_WHAT THE TASK ASKS_
When the line containing "Orange soundbar" appears in the data below, begin copying there and stop only after the line containing "Бах против угонщиков".

_DATA SECTION_
○ ○ ○ ○ ○ ○ ○
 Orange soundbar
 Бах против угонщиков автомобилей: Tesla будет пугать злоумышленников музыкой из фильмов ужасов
○ ○ ○ ○ ○ ○ ○
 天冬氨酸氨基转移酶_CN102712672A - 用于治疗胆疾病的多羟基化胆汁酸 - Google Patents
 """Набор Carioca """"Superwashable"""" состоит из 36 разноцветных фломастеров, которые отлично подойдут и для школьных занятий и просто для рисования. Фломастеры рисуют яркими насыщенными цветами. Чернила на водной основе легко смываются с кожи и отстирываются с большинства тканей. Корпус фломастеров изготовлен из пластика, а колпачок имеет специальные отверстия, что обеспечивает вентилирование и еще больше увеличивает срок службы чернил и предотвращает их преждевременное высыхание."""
○ ○ ○ ○ ○ ○ ○
_EXERCISE OUTPUT_
 Orange soundbar
 Бах против угонщиков автомобилей: Tesla будет пугать злоумышленников музыкой из фильмов ужасов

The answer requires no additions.